Нравилась ей аэродромная круговерть. По душе были зябкие рассветы, жаркие, пропахшие полынью суматошные дневные часы, умиротворенные вечерние сумерки, когда от самолетных стоянок, от еще не остывших машин остро несло пороховой гарью…
Аэродром напоминал ей большой вокзал, где вот так же перекрещиваются сотни разных путей и разных судеб. И то же круглосуточное тревожное ожидание. Правда, в отличие от вокзала, отсюда уходят и сюда же возвращаются.
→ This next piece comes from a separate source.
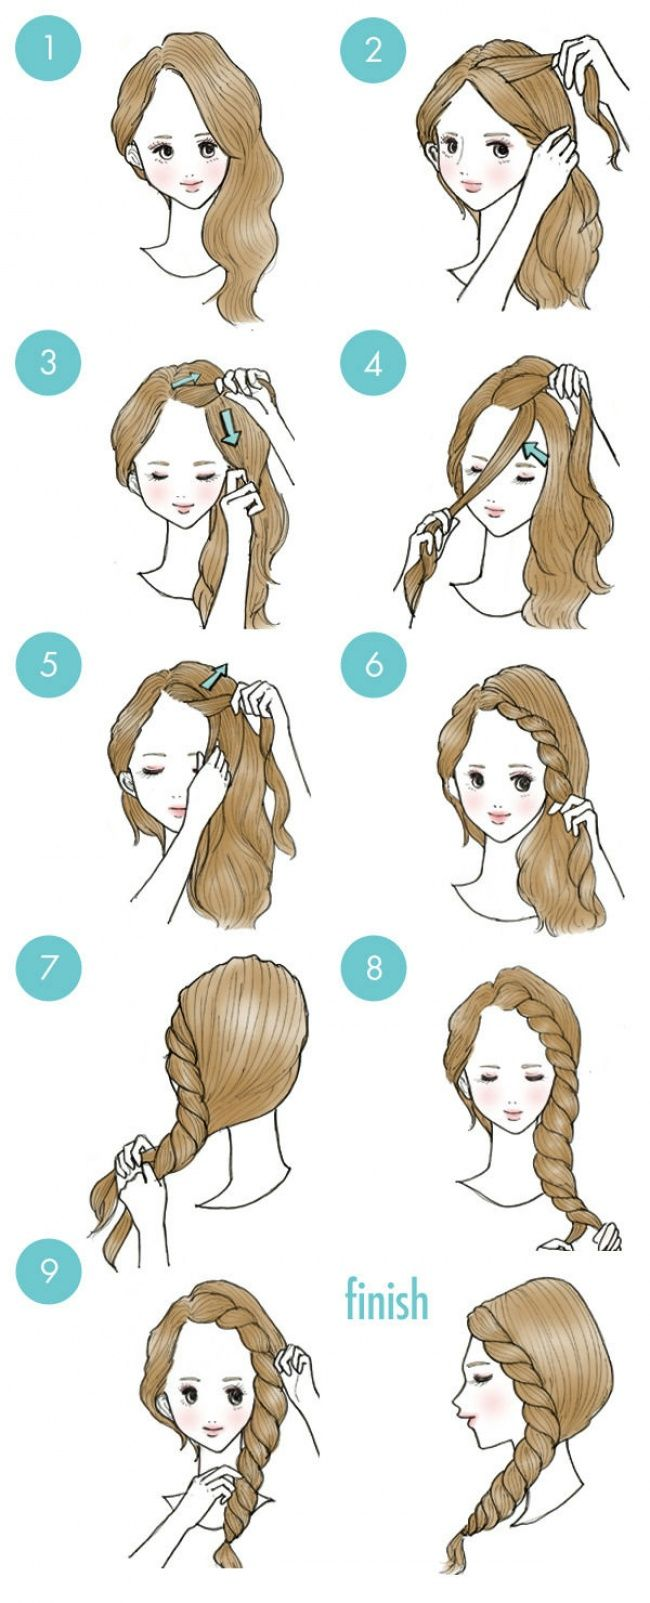 Прически с повязкой для волос на голове, на лбу 11

Но возвращаются не все. И у тех, кто не вернется, аэродром этот, пыльный, подернутый бензиновой гарью, остается, наверное, последним воспоминанием о земле, о прошлом вообще. У нее самой именно так было: год назад под Александровкой, очертя голову пикируя на фашистский «тигр», она в последний момент вспомнила свой аэродром, четко и ясно увидела его поле в радужных брызгах росы…
Немцы особенно не беспокоили аэродром, не отваживались — другие времена наступили для хваленых люфтваффе. По вечерам в огромном зале летной столовой бывало шумно. Летуны-бомберы, в основном молодежь, лейтенанты, чокались гранеными стаканами, реализуя наркомовские «боевые сто грамм». Обмывали ордена или молча пили за помин души невернувшихся товарищей.
Ефросинья посматривала на них со стороны, удивлялась: как это странно на войне все переплелось-перекрутилось! Вот они, ребята-летуны, поужинают, песни запоют, потом, сдвинув к окнам столы, танцы с официантками и оружейницами затеют, А завтра — как обрыв… Боевой вылет на заре, хлопушки зенитных разрывов, огненные трассы «мессеров» — и кто-то из них опять не вернется…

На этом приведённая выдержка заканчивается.